(Caitlyn Jenner, who graced the cover of Vanity Fair in July 2015, was supposed to speak in Vancouver on Feb 23, 2016 as part of a five-city speaking tour./Vanity Fair)
They used to call him Bruce. Now they call her Cait. I call her a hero.
The first time I saw the image of Caitlyn Jenner staring at me from the cover of Vanity Fair I couldn’t get enough. Here was someone I could understand; here was a true storybook hero that wanted to help.
Then all hell broke loose.
Just a few hours after the Vanity Fair story hit the internet in July 2015, I saw the first post by a transgender activist trashing Caitlyn for being all the things we as trans people are supposed to hate: white, rich and pretty.
I wonder why we hate that ideal so much? I’m sure it varies, but I think we feel removed from those traits and the people who tend to possess them. As if people who are white, rich and pretty could never understand our trans culture of working day to day and struggling to transition without the aid of unlimited funds with which to transform ourselves.
That may be true, but it doesn’t mean some rich, white, pretty people can’t be a vital source of help for our community.
It also doesn’t mean we’re allowed to tear at and protest fellow community members until they cancel speaking tours that some people, including myself, might have actually gained something from seeing.
To say I was disappointed by the tour’s cancellation — and its catalysts — would not begin capture the sheer rage I felt at the havoc my community has caused.
I know Caitlyn Jenner is not all sunshine and daisies. I see her mistakes, her reluctance to personalize statements, her failures to acknowledge the trans community in all its myriad differences. What I don’t understand is why a person can’t be different, yet still be relevant to our community.
In Caitlyn Jenner’s case, one toe out of line sets us to frothing at the mouth and completely denouncing her.
When I look at her I don’t see all the hype, the judgments, and the mistakes. I see a new trans person struggling to make sense of the world she now finds herself in, and the community she has been thrust into somehow representing.
Yes, she’s had a lot of years on this planet. A lot of years of lying and hiding. Now she’s out and finally herself — and the first thing she does is what she has always done: use the media and her prominence to further her cause.
While people all around call her out as a “publicity whore” and a “selfish bitch,” I see things a little differently. I see an inexperienced trans woman trying to do anything she can to shed light on this struggle we all share, and trying to be as honest as she can be about how she views the world.
No, she hasn’t gotten it all down pat yet. She needs to learn more about her community and the struggles faced by those persons not transitioning in her tax bracket.
But how is she to learn when the community she’s representing blasts her left, right, and centre with no attempt whatsoever at polite education — and then yells about how she’s not listening?

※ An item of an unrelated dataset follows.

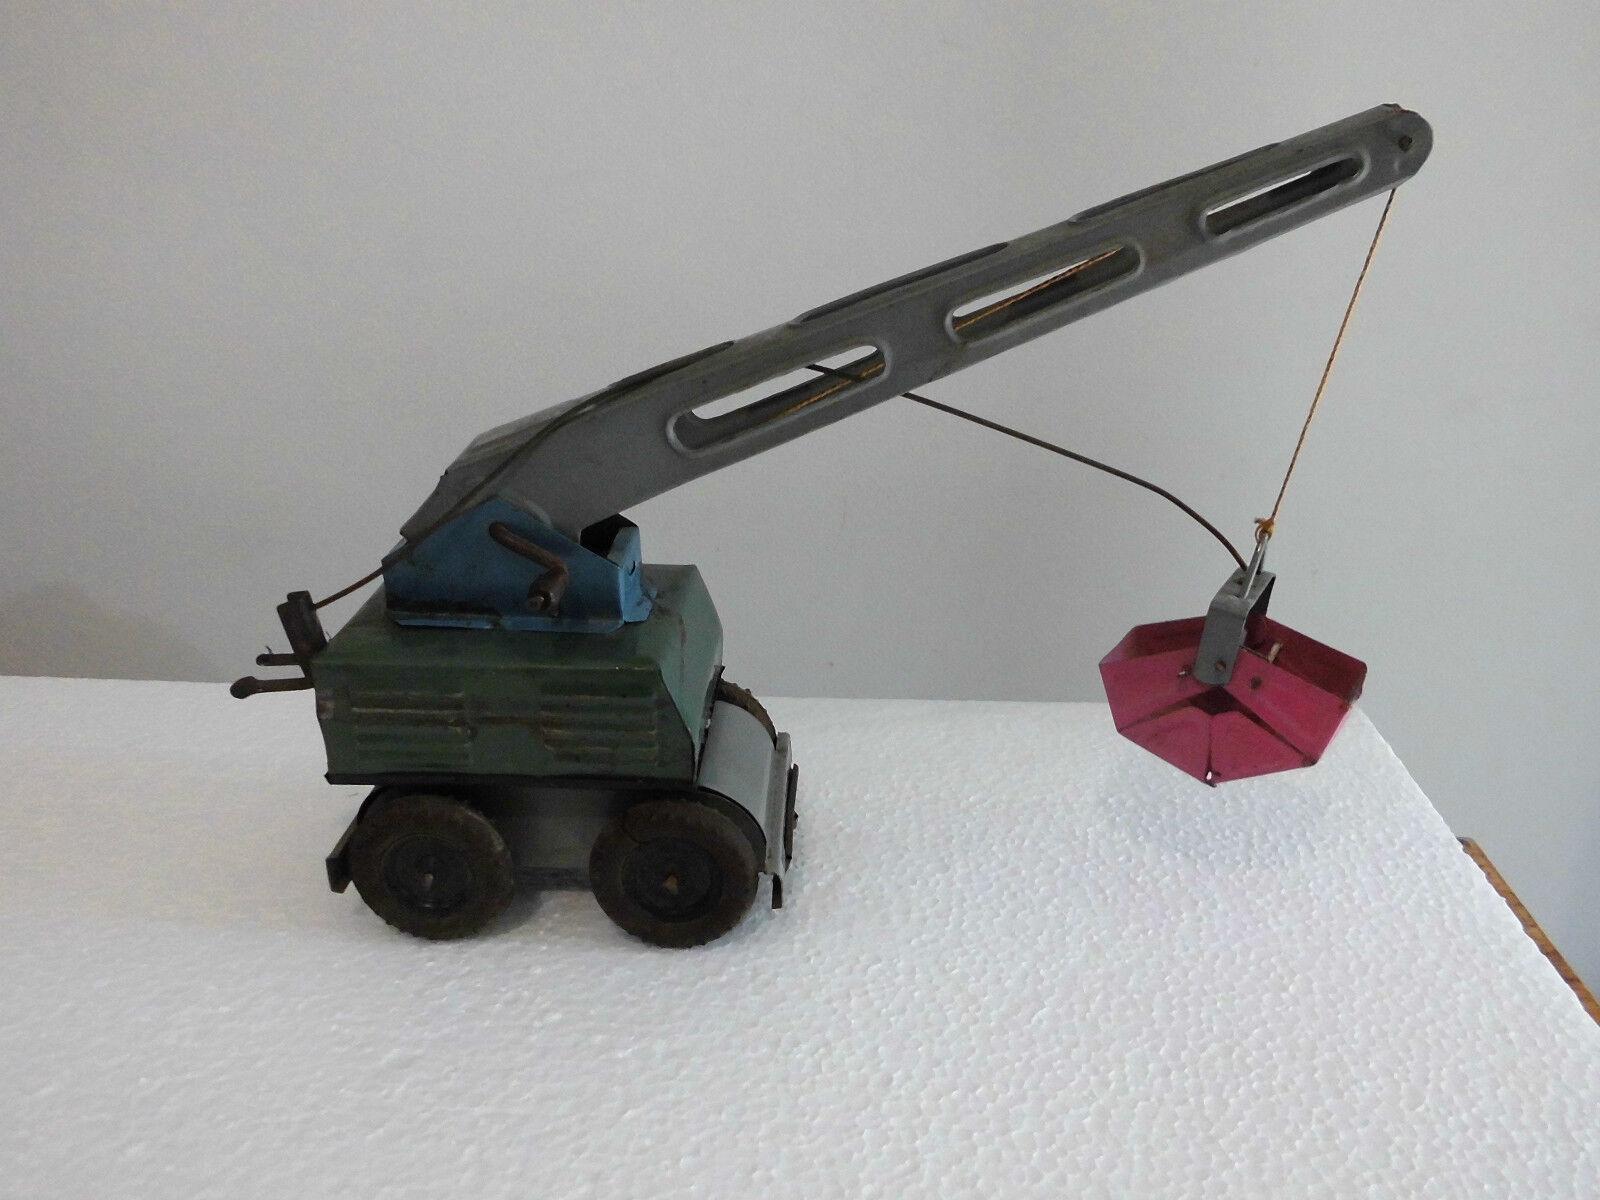 Rare Vintage Tin Toy Excavator  Tpk Metalik-Razgrad  Made in Bulgaria 1950s

Caitlyn Jenner could be a positive force for our community — and we do need someone to help us demand more mainstream acceptance. Trans people are perishing around the world at astonishing rates while we bicker with each other and hold endless discussions about which words are politically correct.
Language is important but so are people like Caitlyn, who have enough recognition in mainstream society to truly change the tide of public opinion.
In a recent conversation with Daily Xtra columnist Amy Fox (who’s already writing her response to my column), we both agreed that Caitlyn Jenner seems like a little sibling trying to run the family business. Amy thinks Caitlyn stepped into the public spotlight prematurely and should go take some classes before assuming a leadership role. But I commend Caitlyn for desperately leaping in feet first, after years of minimal progress, to try to set things right — something many of our community’s pioneers have also been willing to do in the last few decades.
Is Caitlyn totally right in her approach? Maybe not, but I think it’s an understandable act of love.